June 28, 2015

Not a Problem

Auditor: "But there's a right way and a wrong way."
Mark: "No, there's a right way and a *long* way."

One of the most refreshing things about Mark Rashid is that he doesn’t see problems. He sees how he would like things to be inside him and inside the horse and between the two of them, and then he does what he needs to do to communicate that to the horse. He doesn’t get lost in what the horse is doing.

Of course he’s aware of what the horse is doing, but that isn’t his focus, and he doesn’t see it—whatever it is—as a problem. Nor does he go to analyzing it or troubleshooting it. He just calmly stays with what he’s asking the horse to do. If the horse needs him to do something different, he will, but it won’t be a big deal.

Lots of people talk about looking for solutions instead of looking at problems, but Mark lives it. His mindset and the very words he chooses just don’t admit problems.

I will always have in my memory an image of Mark at a demo with a fairly substantial person holding onto his wrist and putting their entire effort and strength into holding Mark in one spot. Mark, however, was calmly walking around where he wanted while the person who was holding him strained and twisted and wound up off balance and in a mess.

Mark first explained and demonstrated that, when he thought about the fact that another person had his wrist, he literally couldn’t go anywhere. However, when he remembered that he had control of all the rest of his body and focused on that, he could move easily.

It was more than a mental trick. When our minds identify a problem, two things happen. First, in thinking of something as a problem, we tend to brace, which usually just makes us part of the problem. Second, when we focus on a problem, our minds go to where the problem is. When this happens, we have lost our center and therefore our ability to shape what happens next. We are off balance both emotionally and physically.

When we come back to our center, we are at our ground zero for both making decisions and moving our bodies, and we have, at that point, a lot of options.

Studying with Mark has made me realize how often my mind is out, not just finding problems, but hanging out with them, developing a nice cozy relationship with them, and quickly forgetting that there is any part of the world that is not a problem. If my horse does something—anything—that I didn’t ask for, my mind immediately lights up with, “Ooo, a problem!” And so derailment begins.

Obviously the first key here is that I am finding the behavior problematic. Labeling it a problem means that I am braced against it. I have also lost, not only my center, but my connection with my horse because my mind has disengaged with him in order to engage with the “problem.”

The second part of the deal is that, once my focus goes to the “problem,” that leaves exactly nobody focusing on the original plan. So we started out with my having one idea and the horse maybe having a different one, but now that I’m focusing on what he’s doing, then we're both having the horse's idea instead. And he wasn't necessarily all that married to his idea, but now that I'm over there in it with him, where else are we likely to go?

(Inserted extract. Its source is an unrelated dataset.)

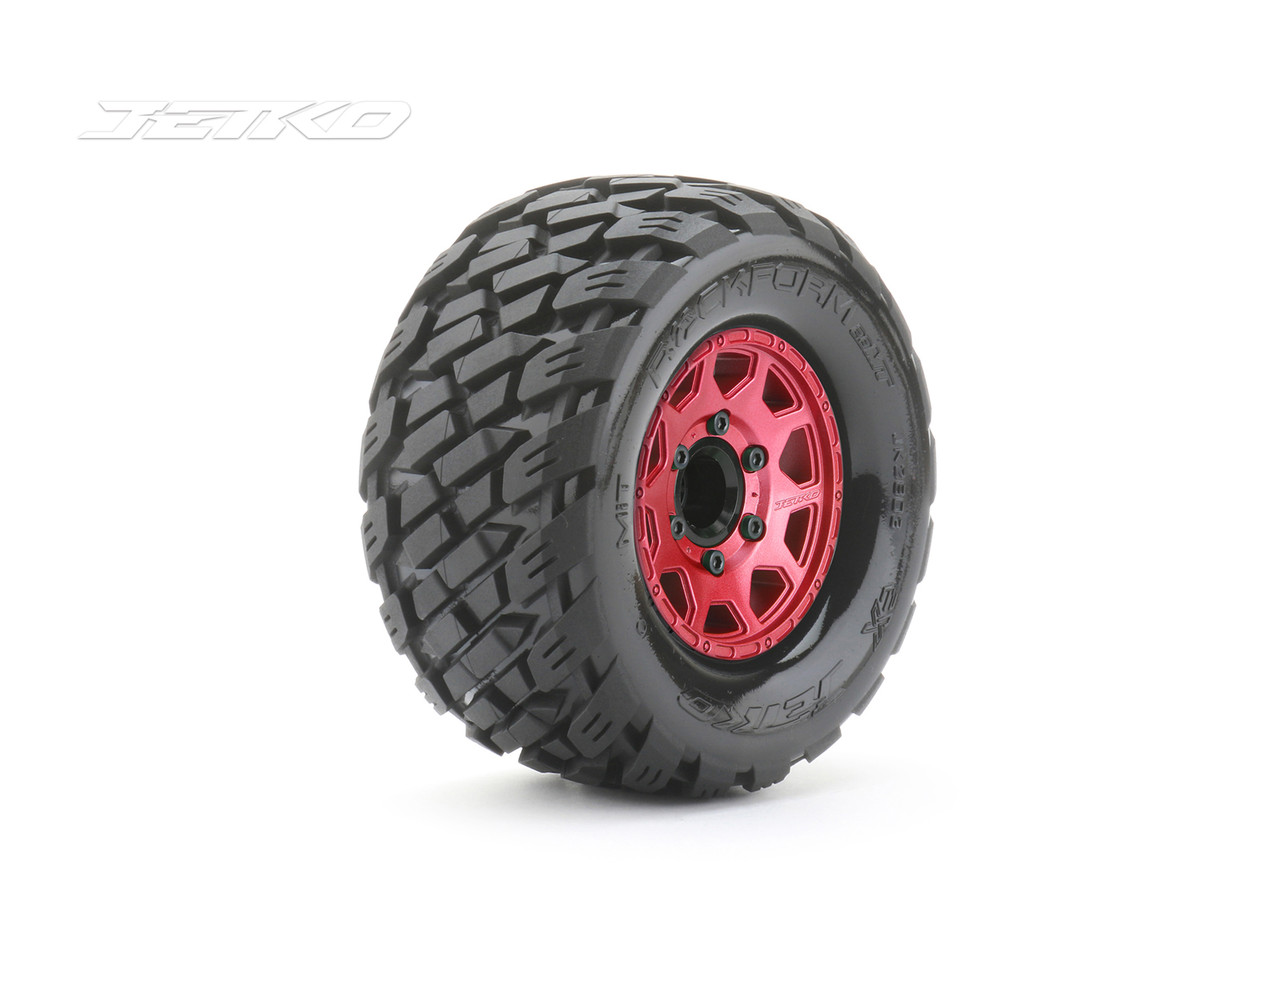 Jetko 1/10 MT 2.8 EX-Rockform Tires Mounted on Red Claw Rims, Medium Soft, Glued, 14mm, for Arrma

Here’s an example of what that looks like: I was working with a horse named Sebastian doing transitions from inside of me using just a change of energy. Sebastian would generally shift his energy in response to mine, but not always to the point of changing gait. So I would change my energy from, say, trot to walk, and Sebastian would change his noticeably but still be in the trot. At this point I tended to focus on the fact that he was still in the trot, which meant that my brain was where? On trotting. Which meant that we stayed doing what? Trotting. Mark explained that the key was for me not to get distracted by what Sebastian was doing but keep my idea and energy at the walk until he found it.

Once again, as always, this stuff applies way beyond horsemanship. Show of hands: how many people spend the majority of their time seeing and solving problems? (Those of us who are particularly advanced in this field have even been known to *create* problems from time to time.) What would life be like if, instead of letting our attention get sucked into the problems, we calmly carried on with a positive, happy focus on what we originally intended to do?